Architecture
How does it work¶
Sloth uses Prometheus rules to generate SLOs. Based on the generated recording and alert rules it creates a reliable and uniform SLO implementation:
stateDiagram-v2
direction LR
input: 1 Sloth spec
sloth: Sloth
output: N prometheus rules
input --> sloth
sloth --> output
state sloth {
direction LR
load: Load SLO Spec
metadata: Gen Metadata rules
slis: Gen SLI rules
alerts: Gen Alert rules
save: Out format
load --> metadata
load --> slis
load --> alerts
metadata --> save
slis --> save
alerts --> save
}
The Prometheus rules that Sloth generates, fall in 3 categories:
- SLIs: These rules are the base, they use the queries provided by the user to get a value used to show what is the error service level (availability). It creates multiple rules for different time windows, these different results will be used for the alerts.
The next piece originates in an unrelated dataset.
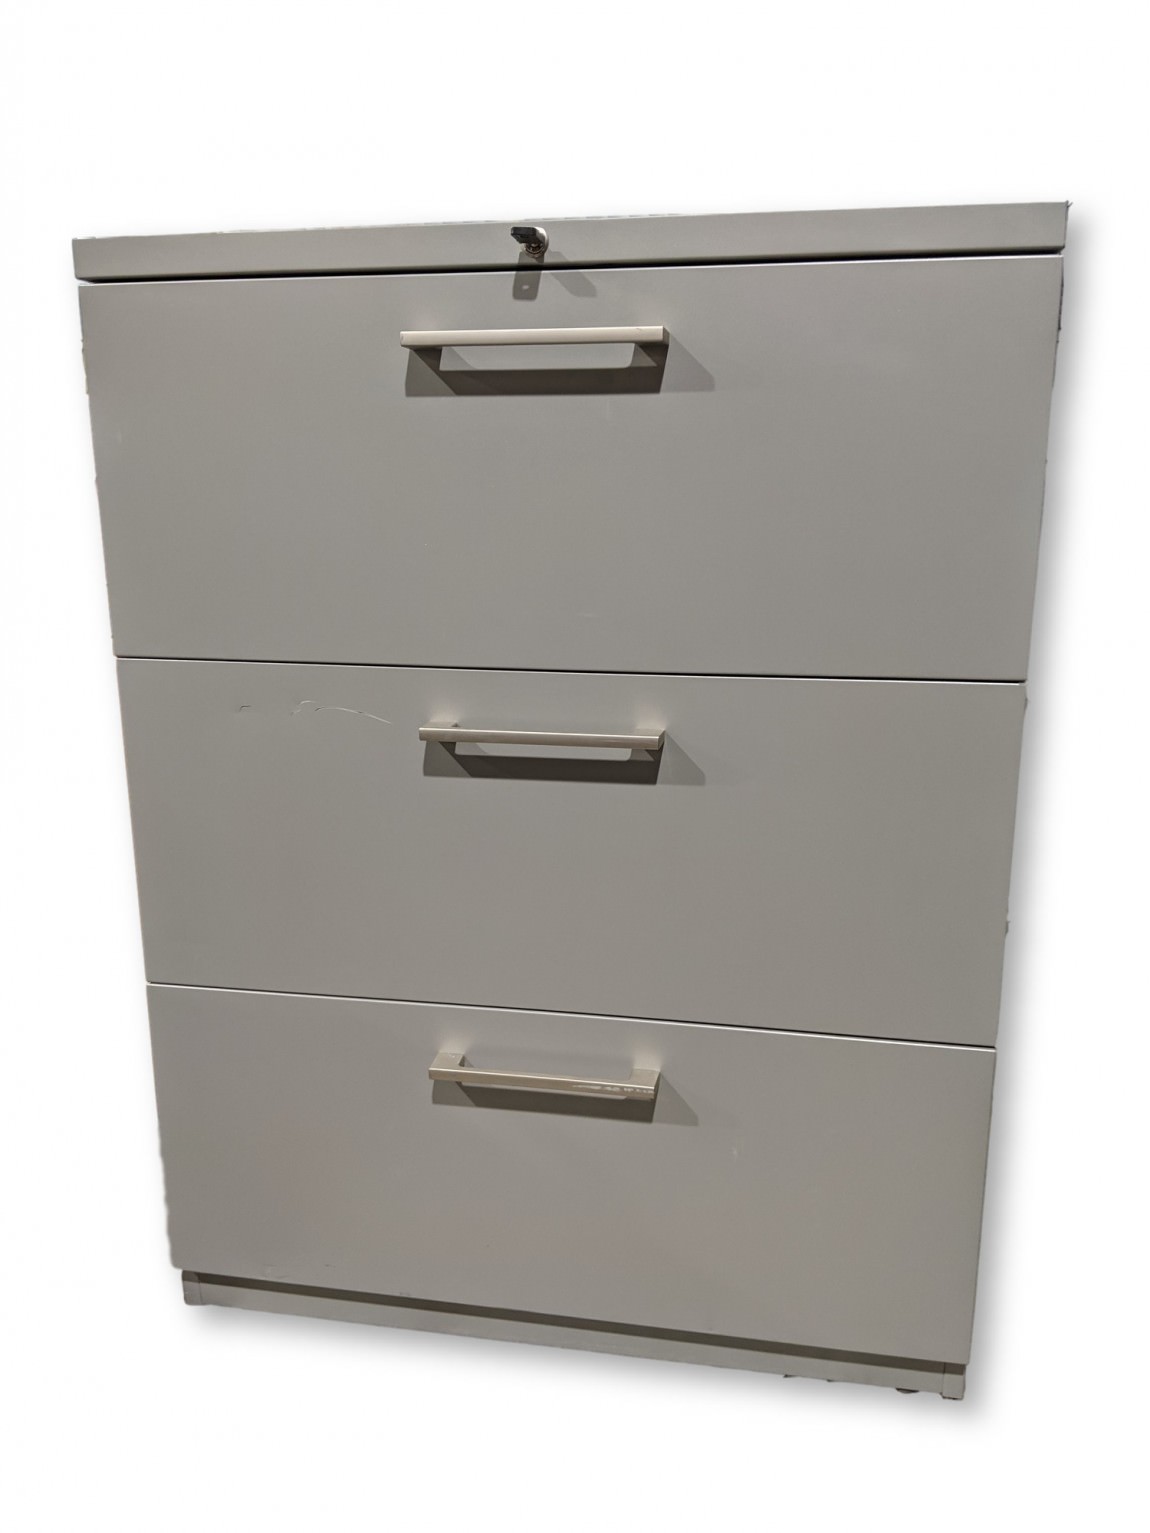 Haworth 3 Drawer Lateral Filing Cabinet - 30 Inch Wide

- Metadata: These are used as informative metrics, like the remaining error budget, the SLO objective percent... These are very handy for SLO visualization, e.g Grafana dashboard.
- Alerts: These are the multiwindow-multiburn alerts that are based on the SLI rules.
Sloth will take the service level spec and for each SLO in the spec will create 3 rule groups with the above categories.
Metrics¶
The Sloth generated rules will share the same metric name across SLOs. However the labels are the key to identify the different services, SLO... This is how we obtain a uniform way of describing all the SLOs across different teams and services.
To get all the available metric names created by Sloth, use this query:
Alerts¶
Sloth SLO alerts use multiwindow-multiburn method. It will generate 2 types of alerts:
- Critical/page: Pay attention right now.
- Warning/ticket: Take into account, however is not urgent.
Using 4 different alerts across different time window periods:
- Critical/Page in short time window: Very very high rate of burning budget.
- Critical/Page in medium time window: High rate rate of burning budget.
- Warning/Ticket in medium time window: Constant normal rate of burning budget.
- Warning/Ticket in long time window: Constant low rate of burning budget.
Sloth doesn't trigger/generate the alerts itself, Prometheus will by using Sloth generated alerting rules. Normally something connected with Prometheus (like alertmanager) will trigger these alerts notifications (e.g Slack, Pagerduty...).